Exercise
Print the data exactly. Pictures stay out.

Stored data
·····

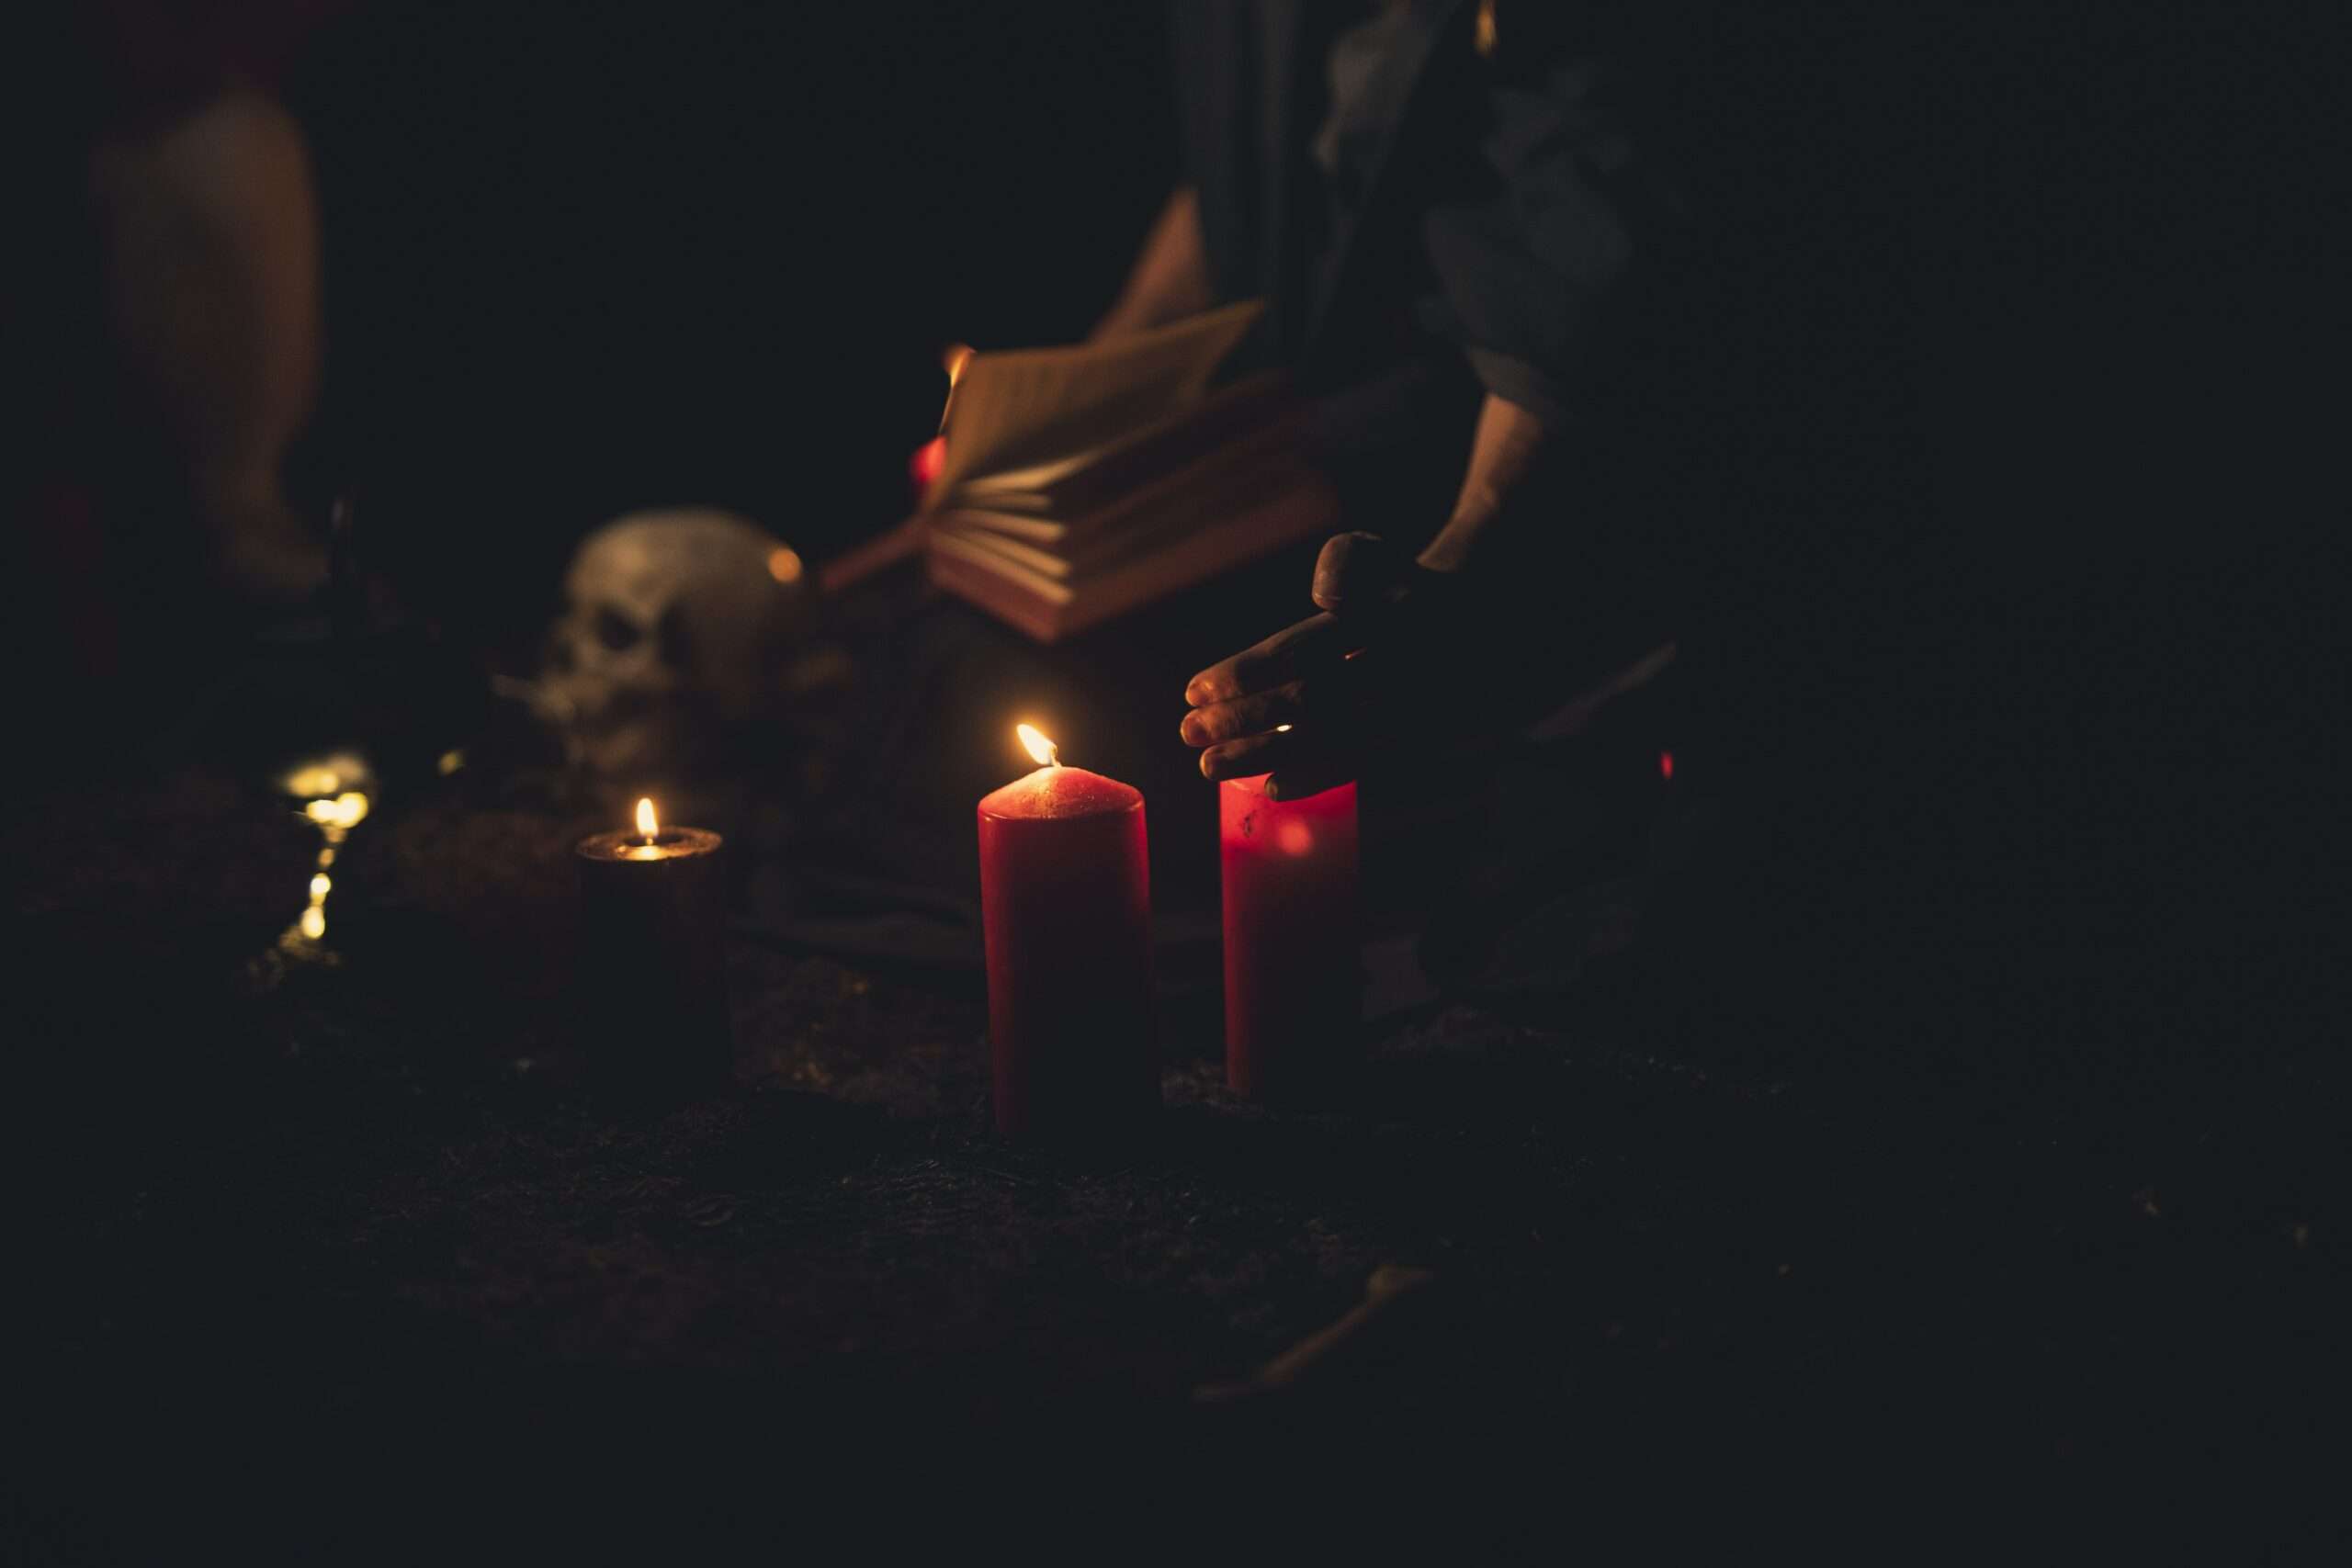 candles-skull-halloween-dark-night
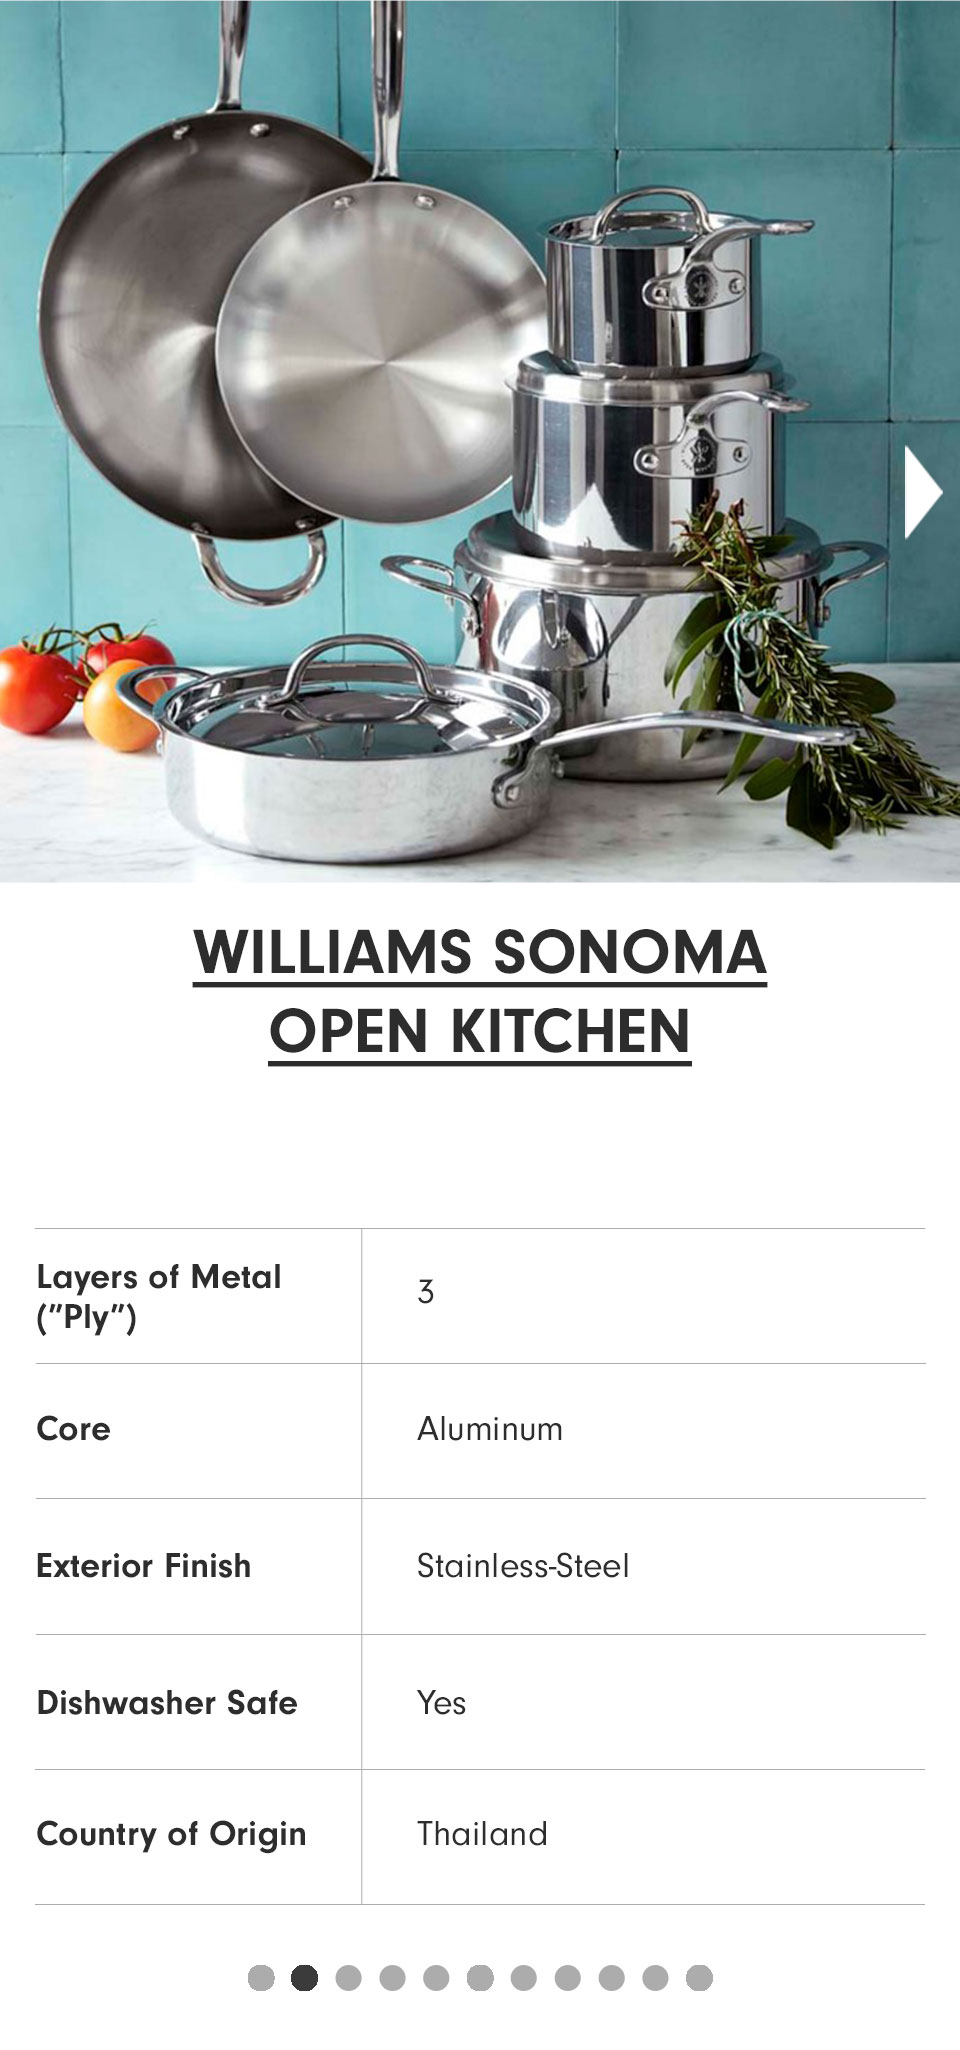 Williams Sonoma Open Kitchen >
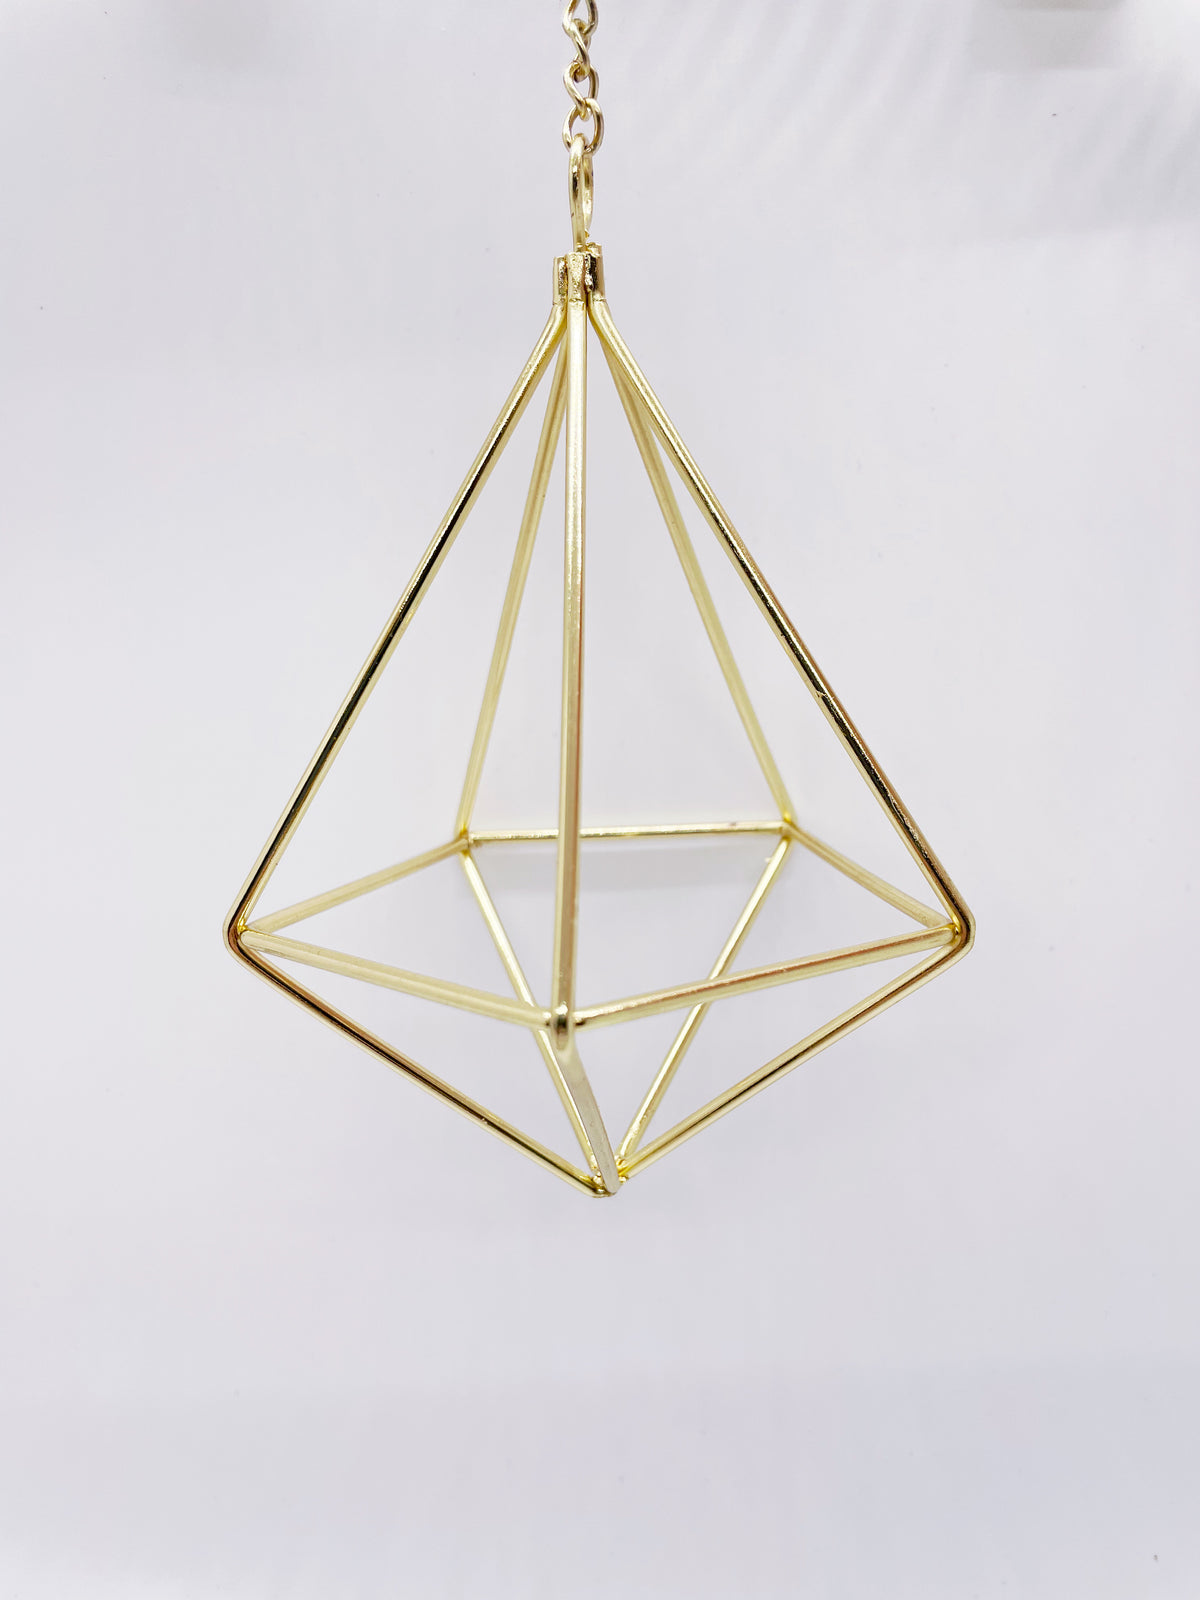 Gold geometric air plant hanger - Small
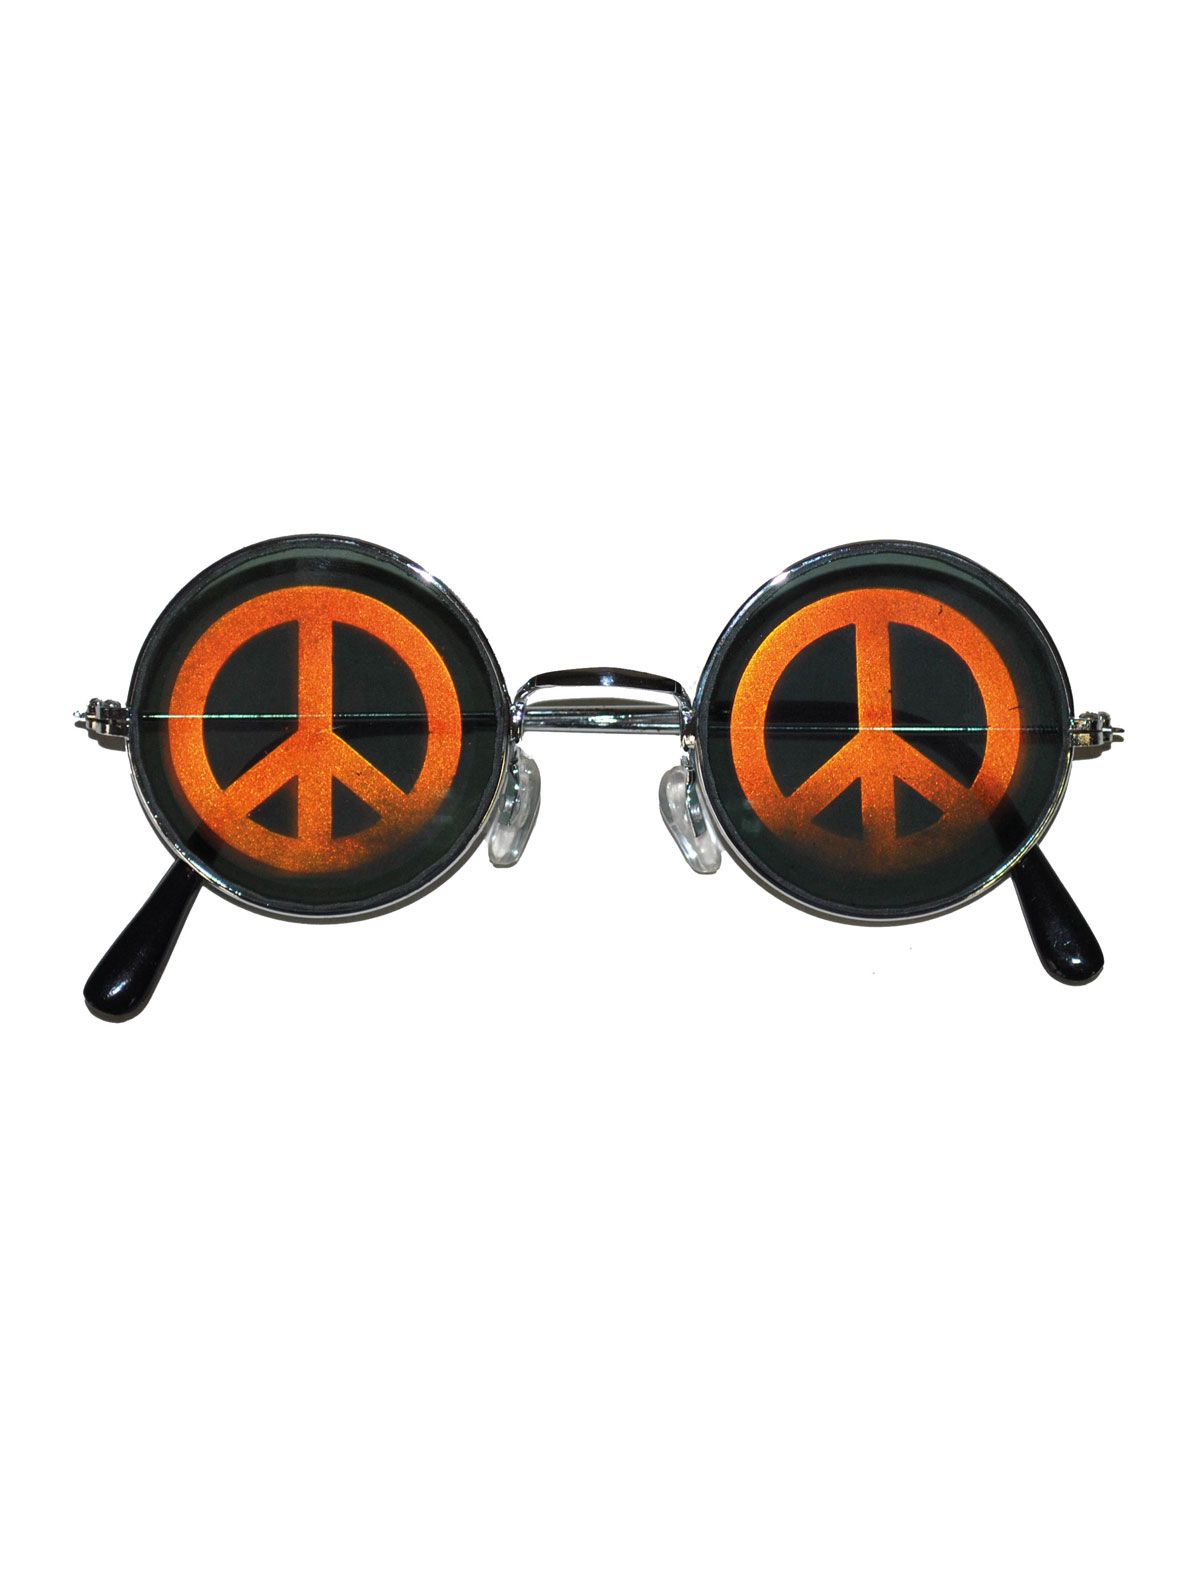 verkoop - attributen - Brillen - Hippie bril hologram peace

·····

Reply
 candles-skull-halloween-dark-night
 Williams Sonoma Open Kitchen >
 Gold geometric air plant hanger - Small
 verkoop - attributen - Brillen - Hippie bril hologram peace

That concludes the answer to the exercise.